Modelling and experimental characterisation of mechanical vibration propagation in the upper limb when using rotary handheld machinery

Outline of reasons and objectives
Today, in France, approximately 11% of salaried workers are exposed to vibration transmitted to the upper limb. Prolonged exposure to high levels of vibration can lead to a certain number of pathologies. To try and protect workers, daily exposure to vibration is governed by regulations and is assessed in compliance with a measurement standard that currently does not guarantee sufficient protection for workers if we consider vascular disorders such as Raynaud’s phenomenon. Our ultimate aim is to provide knowledge enabling certain physiopathological effects of vibration on
the digital vascular system to be better taken into account in the standardised method for assessing exposure to vibration. This study therefore aims to measure and to predict the mechanical effects of the vibration transmitted to the hand-finger system and to assess the influence of certain factors on vibration propagation (gripping force, pushing force, amplitude of the vibration, etc.).

Approach
At the scale of the hand, an experimental setup was implemented using a scanning laser vibrometer, which made it possible to estimate the local biomechanical characteristics at the surface of the dorsal face of a hand gripping a vibrating handle. At the scale of the phalange, a test setup was built to measure the biodynamic response of the vibrated pre-stressed phalange. In addition, an appropriate numerical mathematical model was developed for simulating the same experimental conditions, and for calculating the thermo-mechanical magnitudes inside the biological tissues of the finger, such data being difficult to access by experimentation. All of the measurements were taken on a group of 20 volunteers, under a biological research protocol.

Main results
The local biomechanical responses at the surface of the hand were spatially heterogeneous. They highlighted zones of high vibration absorption (soft tissues) and zones of low vibration absorption (metacarpals). Compared with the pushing forces or thrust forces, the gripping forces were of predominant significance in vibration transfer between the wrist and the hand. The measurements showed that the phalanges had mechanical behaviour similar to that of certain elastomers with a flexibility that varied little, up to 125 Hz, and then high stiffening above that frequency.
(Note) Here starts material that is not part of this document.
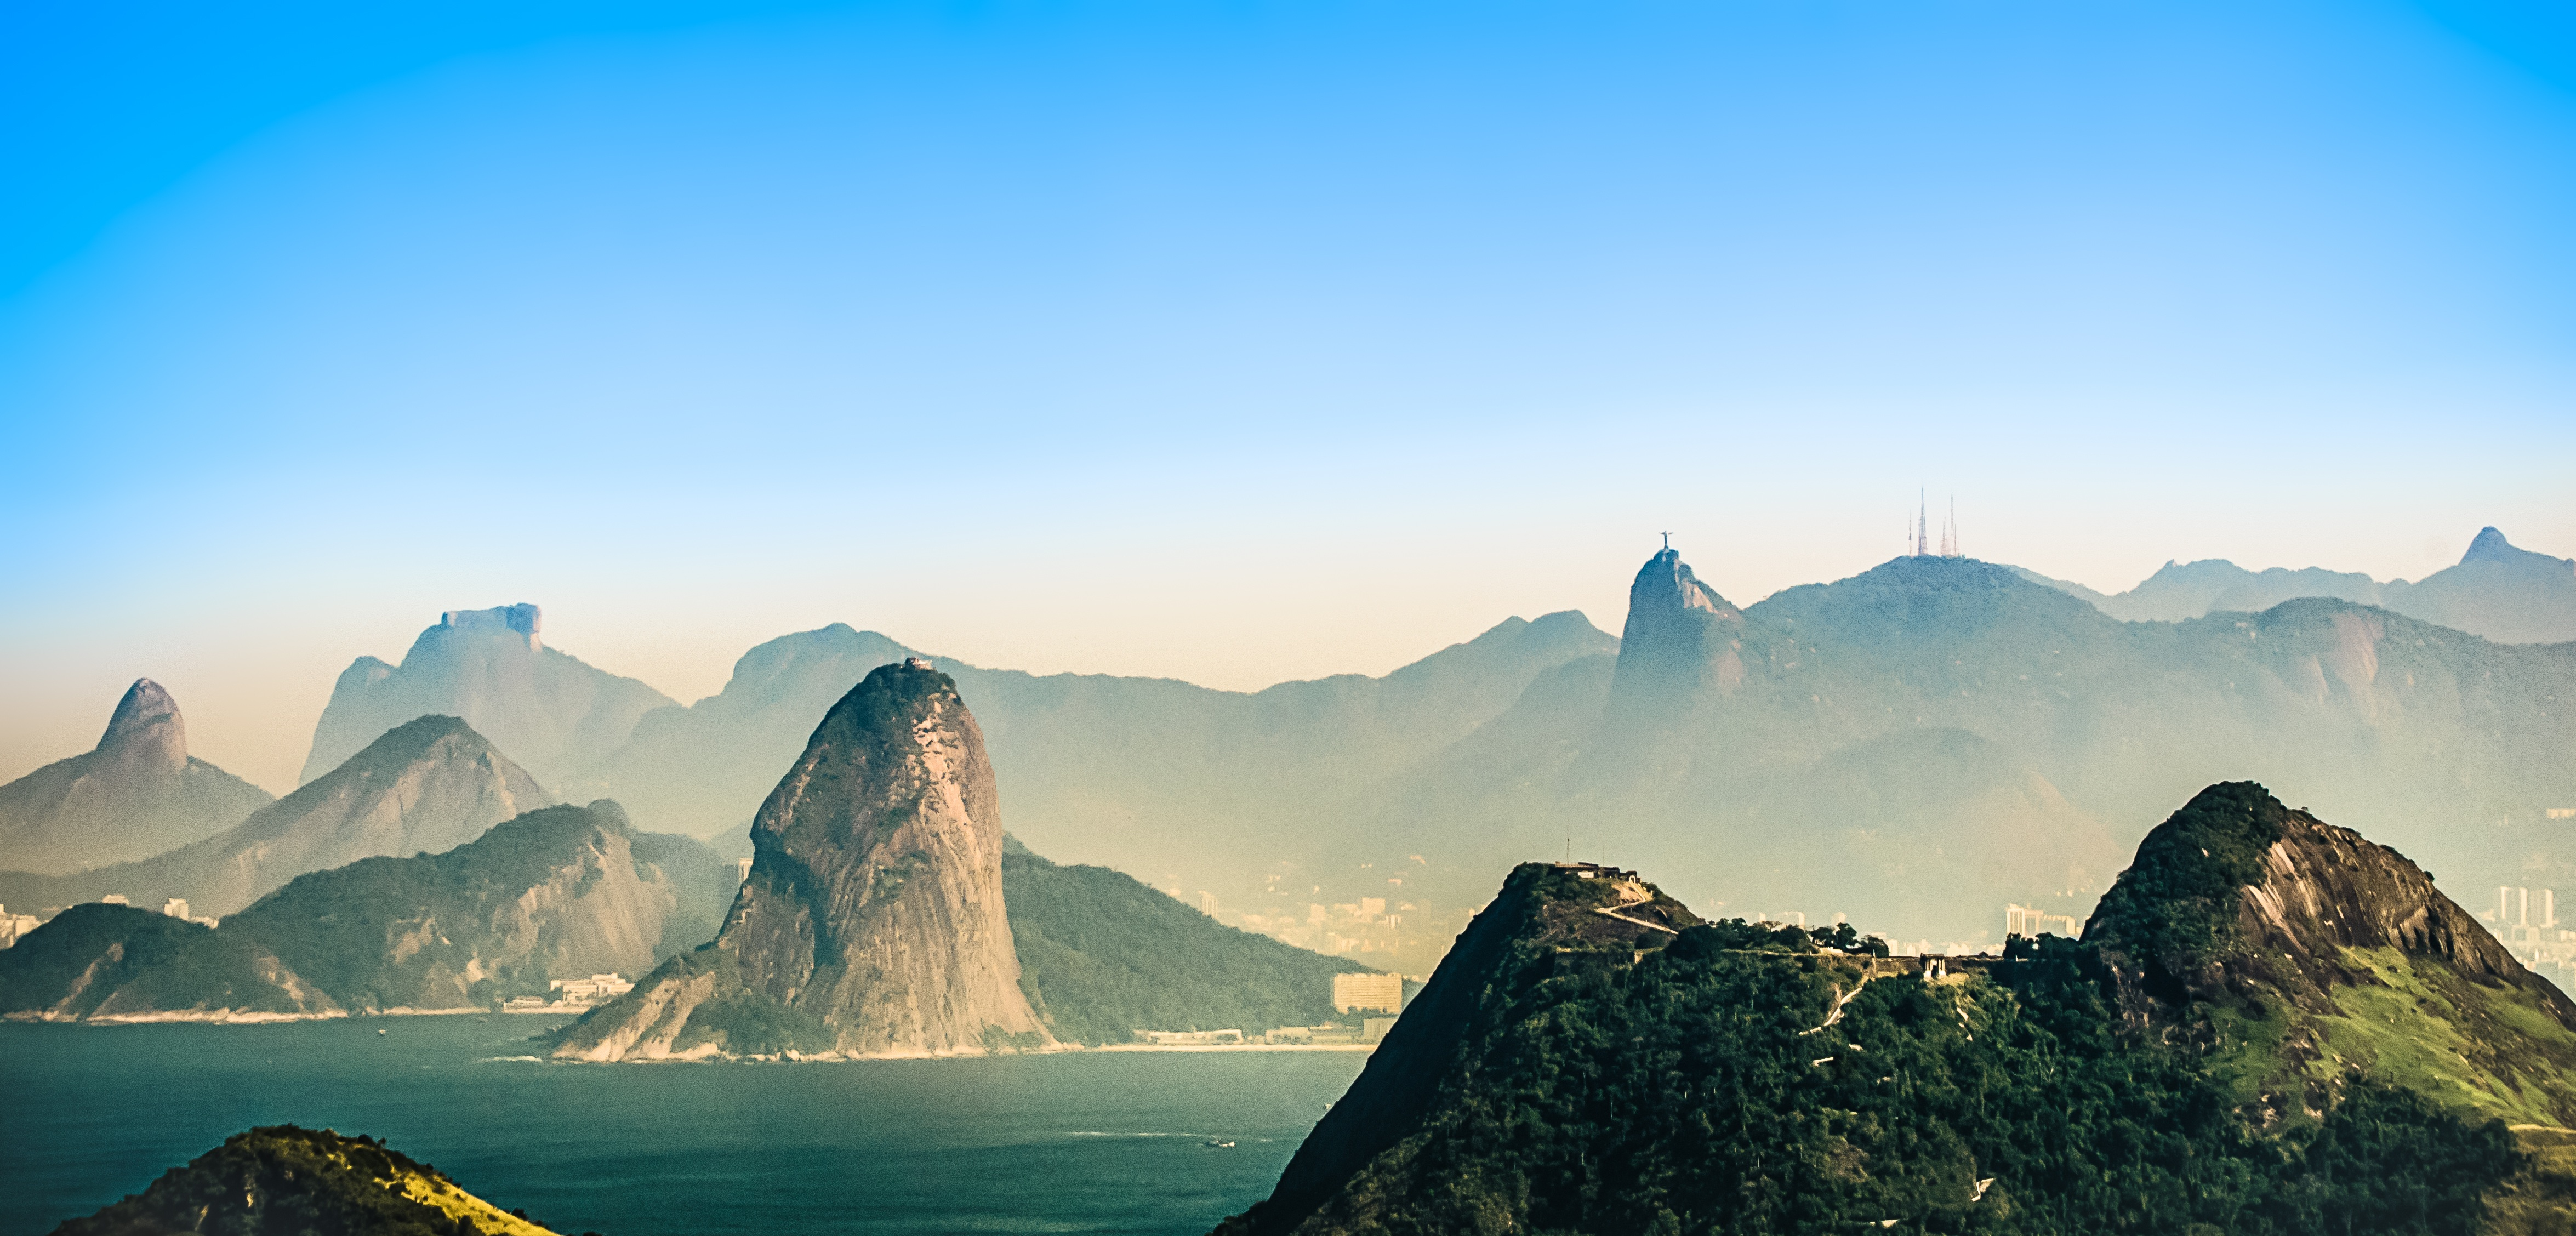 Itaperuna - Rio de Janeiro

For the numerical model, a new mechanical behaviour relationship, based on physiological considerations, was devised.
The associated parameters were then identified (test/calculation error less than 8%).

Discussion
As regards prevention, the measurement methodologies developed can be used to characterise the vibration attenuation performance of anti-vibration solutions (gloves, and handles). Charts giving contours for dissipated power as a function of acceleration level and frequency of vibration have been established. They offer a potential avenue to explore for changing the standard for measuring exposure to vibration. From a scientific viewpoint, the numerical model designed and validated in this study constitutes the first stage in a multi-scale strategy whose ultimate objective is to predict certain effects of vibration on deregulation of basal arterial vasoconstriction by taking
into account the coupling between mechanics, biology, and physiology.